La avalancha de novelas autobiográficas y biografías noveladas ha de tener algún sentido, pero no se lo veo. Es inquietante porque he escrito tres. El que tengo por actual maestro de la falsa autobiografía verdadera, Edward St.Aubyn, dice que es un modo de escapar a la polémica sobre verdad y novela, surgida tras la avalancha de biografías noveladas.

En una entrevista con la perspicaz Andrea Aguilar, el novelista lo exponía así: hay un océano de banalidad, cosas que la gente dice y hace todos los días, y hay también una sima de tinieblas indescriptibles donde no alcanzan las palabras. Entre estas dos masas corre una estrecha lengua de arena desde la que se percibe lo que es difícil de decir, pero merece la pena intentarlo.

Está bien resumido. Entre la trivialidad y lo siniestro hay una torrentera que separa lo superficial de lo insondable. Lo más hondo no se puede narrar, pero la biografía permite caminar sobre esa temible pista, asomándose a lo siniestro y machacando la vida de la tertulia.

Ahora bien, St.Aubyn ha necesitado cinco novelas, casi mil páginas, para dar cuenta de su experiencia. Ese conjunto, llamado Las novelas de Patrick Melrose (en España lo ha editado Literatura Random House), es uno de los momentos realmente grandes de una novelística, la británica, que casi siempre se inclina por la tertulia, es decir, por lo demótico, incluso cuando es de calidad.

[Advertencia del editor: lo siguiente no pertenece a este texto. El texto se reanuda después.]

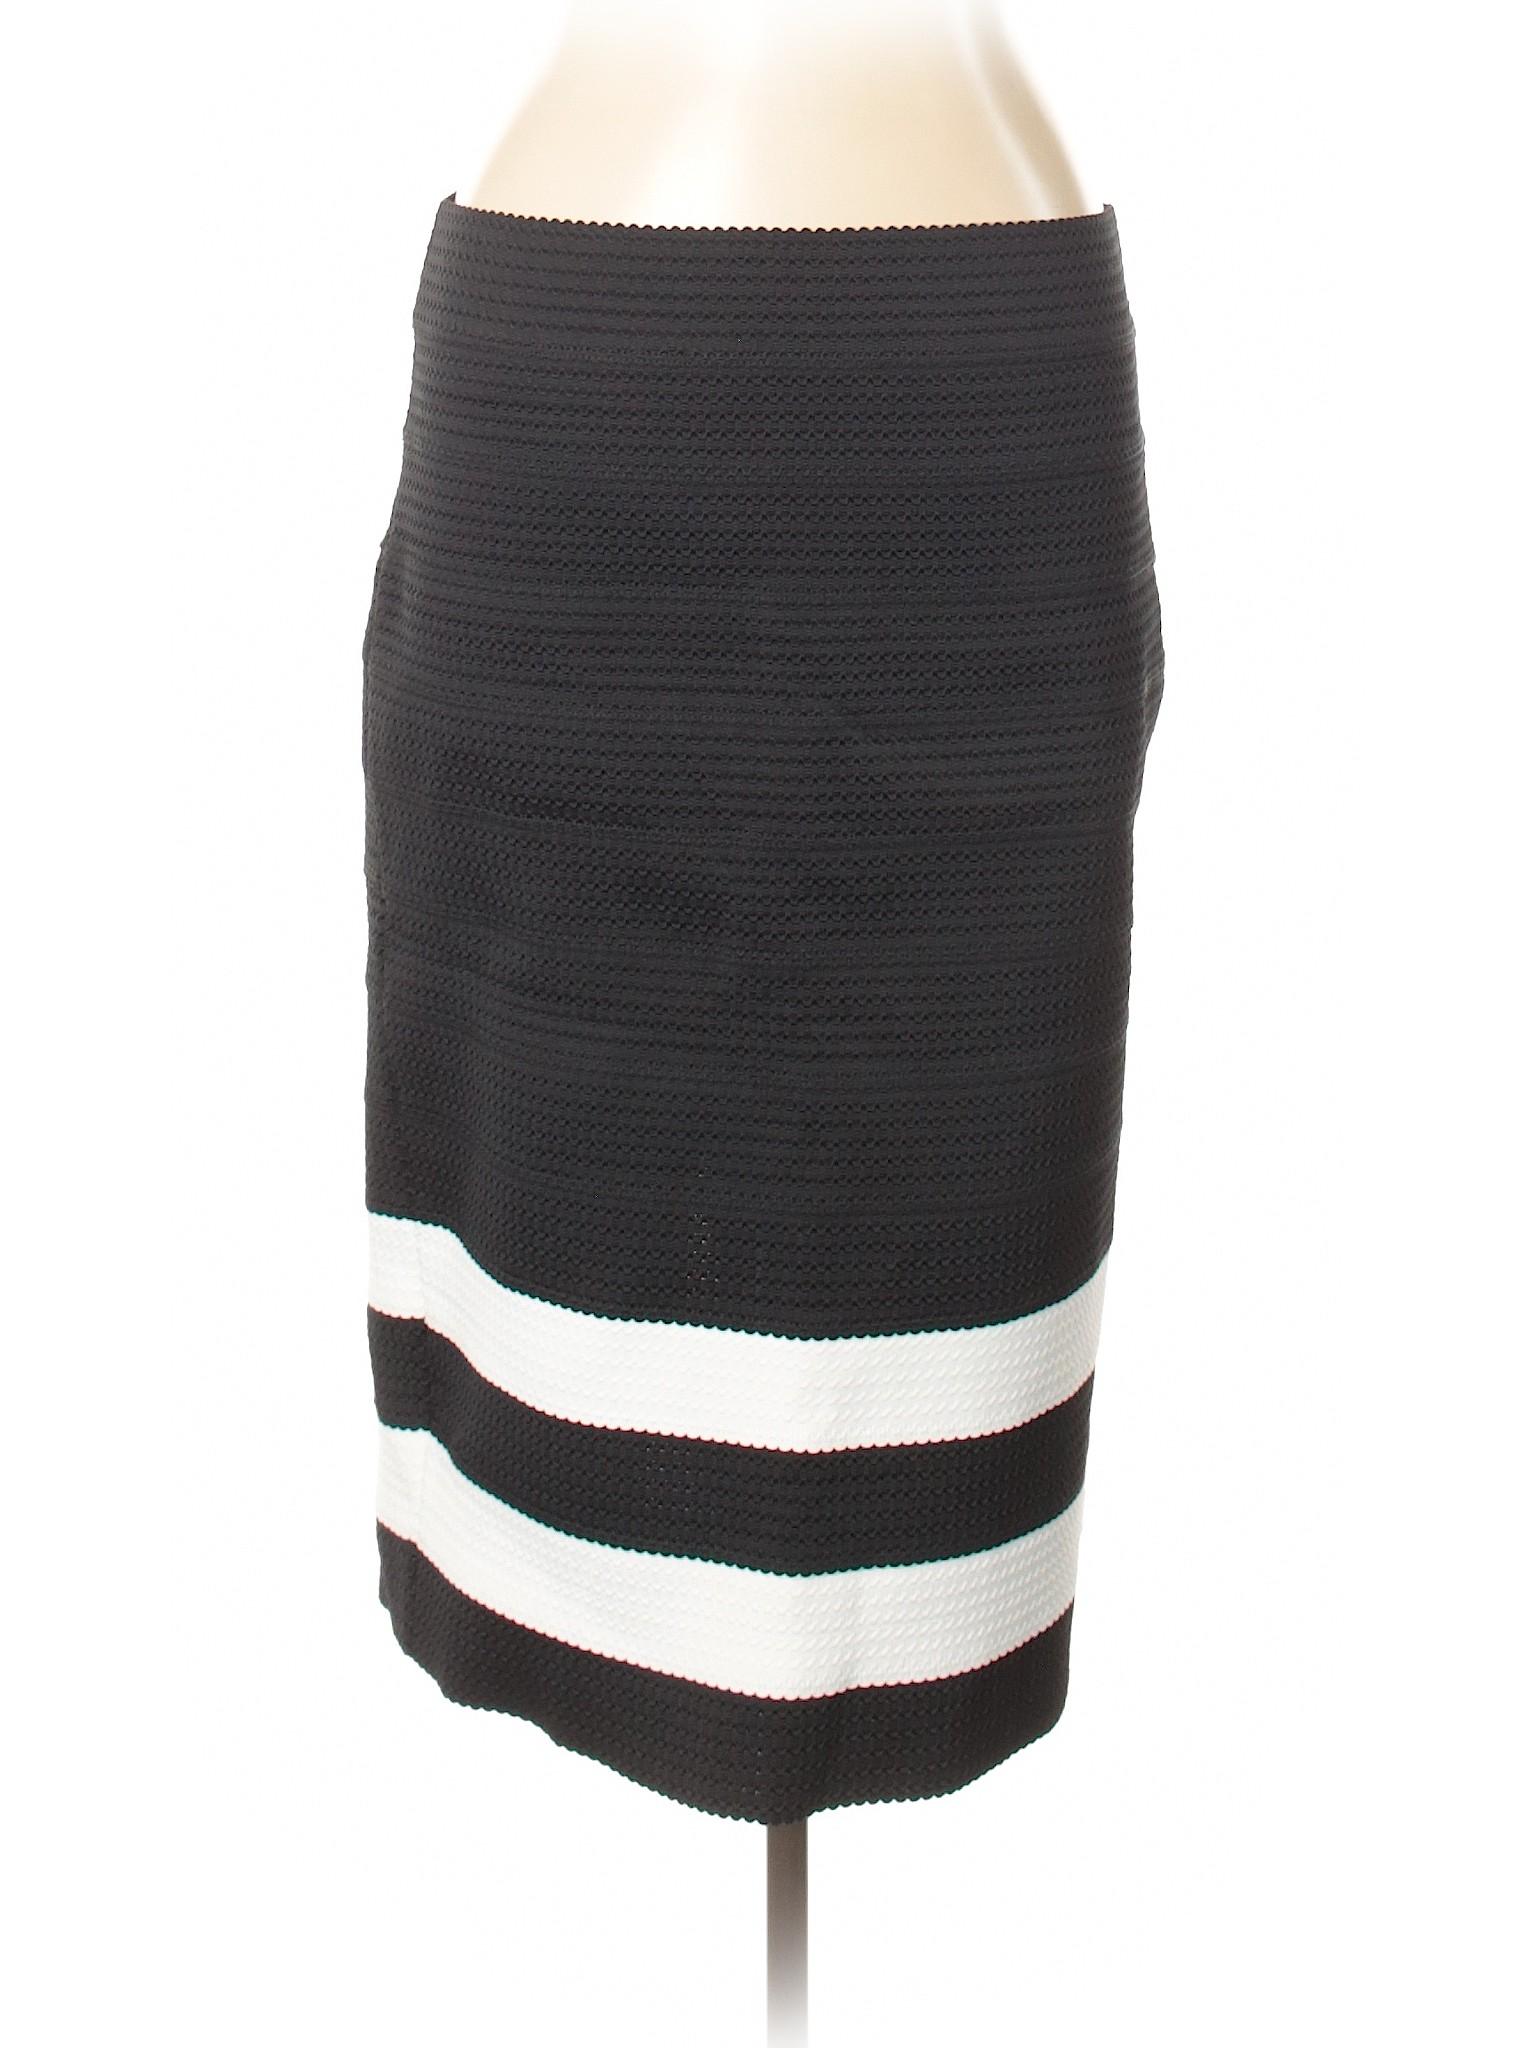 Boutique Skirt Boutique Boutique Skirt Skirt Skirt Skirt Casual Casual Boutique Casual Casual Boutique Casual Casual Boutique IwCIZqf

No me extraña. St.Aubyn quería contar una historia inadmisible. De los tres a los cinco años su padre (aristócrata británico) lo sometió a abusos sexuales mientras su madre (millonaria americana) se emborrachaba como un tocino. De aquella niñez desastrosa emergió un yonqui, descrito con atroz exactitud en la segunda de las novelas(Bad news), pero cuando parecía que podía aparecer un cierto sosiego en la vida de aquel niño torturado, regresa la madre, tan monstruosa como el padre, para exigir algo poco común: que el hijo le administre su eutanasia, que el cordero degüelle a su madre. Hacer de Abraham y de Isaac al mismo tiempo no es confortable, pero St.Aubyn asegura que él lo hizo. Añade que hubo de escribir su historia para no matarse.

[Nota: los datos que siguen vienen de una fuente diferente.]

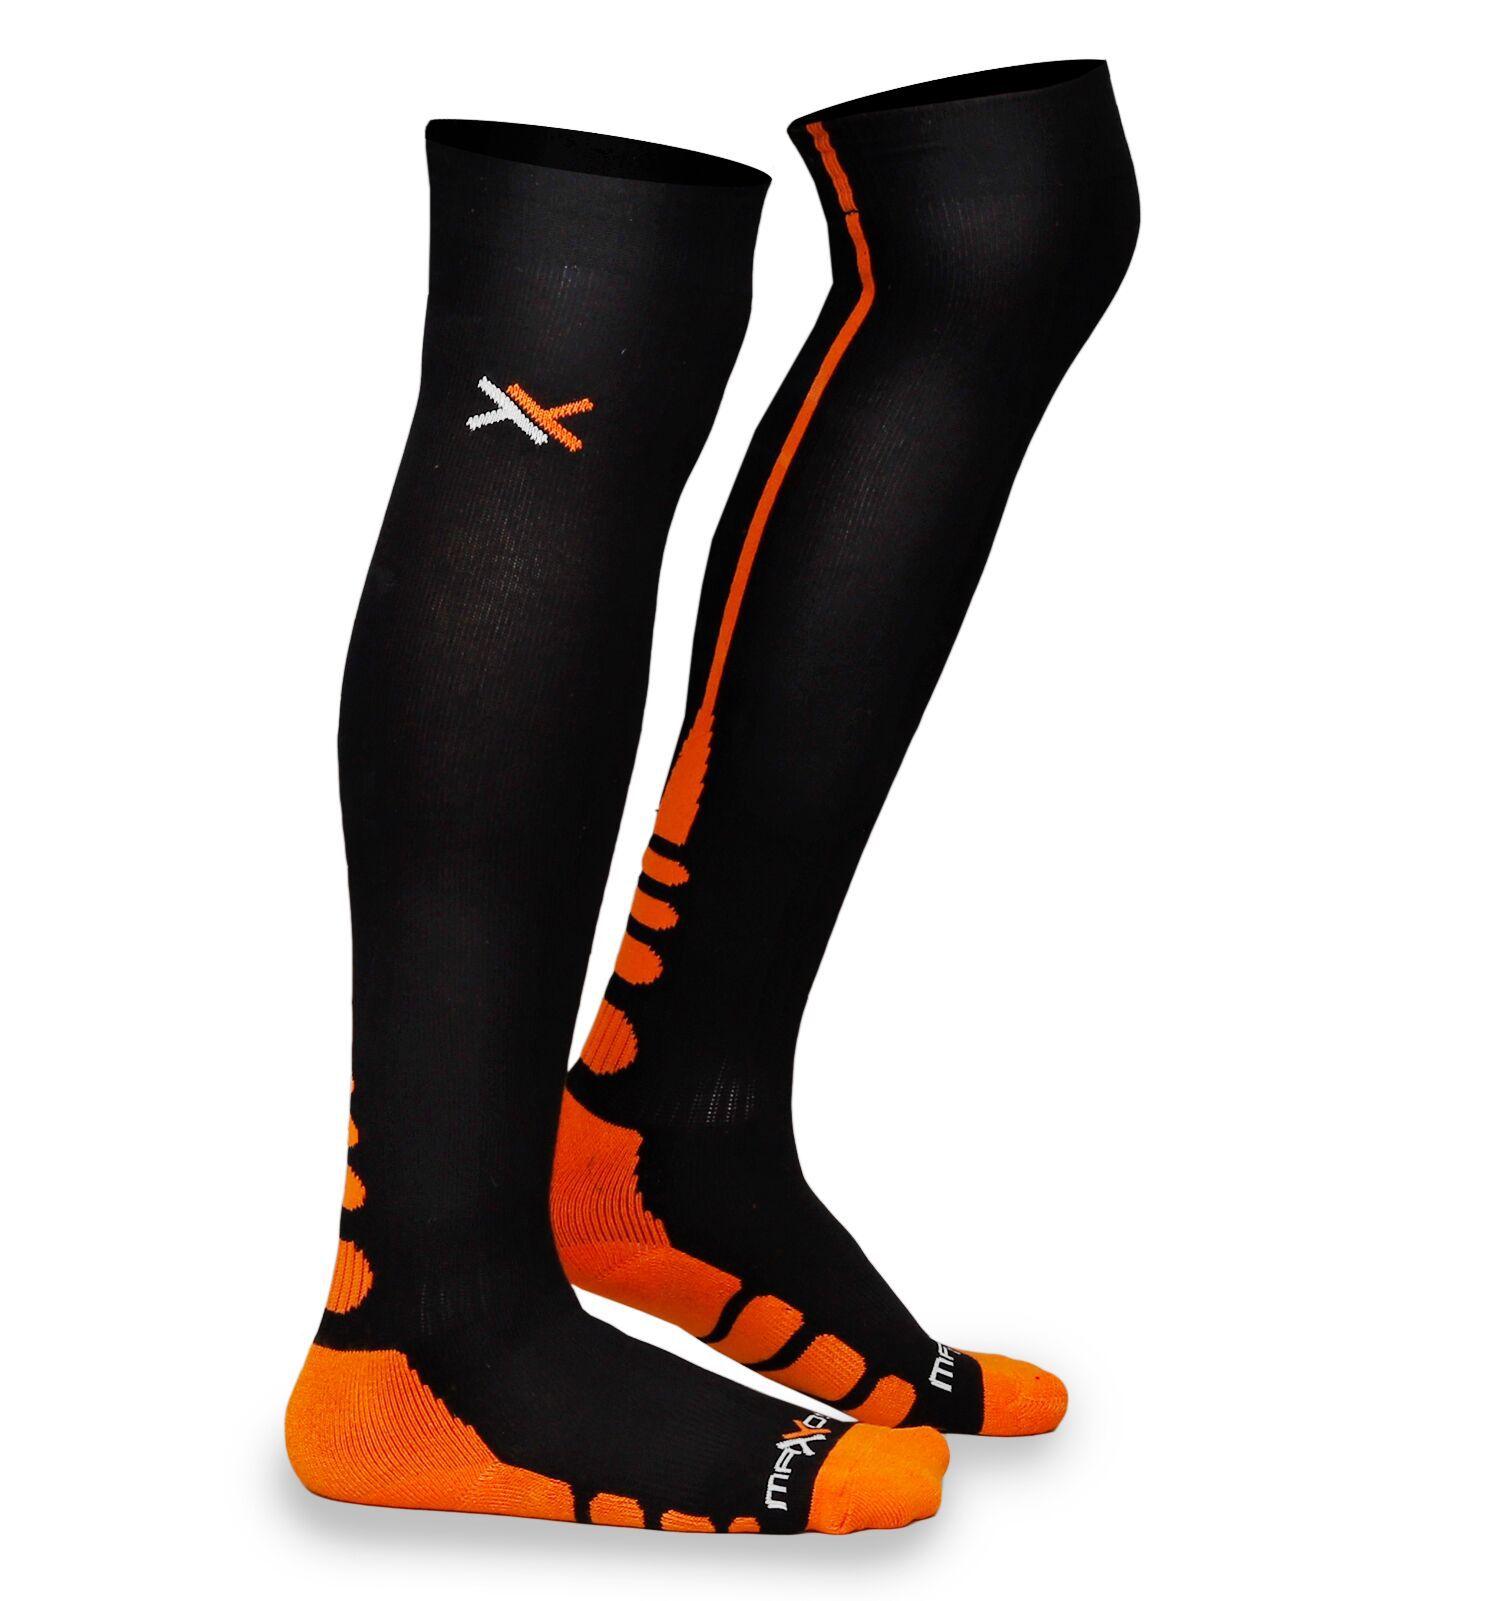 Meia Mattos Racing MX Socks

¿Realmente fue así? Eso nos ha de tener sin cuidado. Es morboso, pero trivial. A lo mejor el autor es un sumiso becario de alguna fundación laborista. No importa. Lo que la falsa biografía permite es asomarse a lo siniestro y St.Aubyn nos lo ofrece con arte. Para no fracasar, el autor contaba con una herramienta excepcional, el canallesco sarcasmo heredado de Evelyn Waugh y la novela de aristócratas calamitosos. Observen esta frase: "La ingenua creencia de que la gente rica es más interesante que la gente pobre, o que la gente con título nobiliario es más interesante que los sin título, sería imposible de sostener si la gente no creyera también que se vuelve más interesante cuando se asocia".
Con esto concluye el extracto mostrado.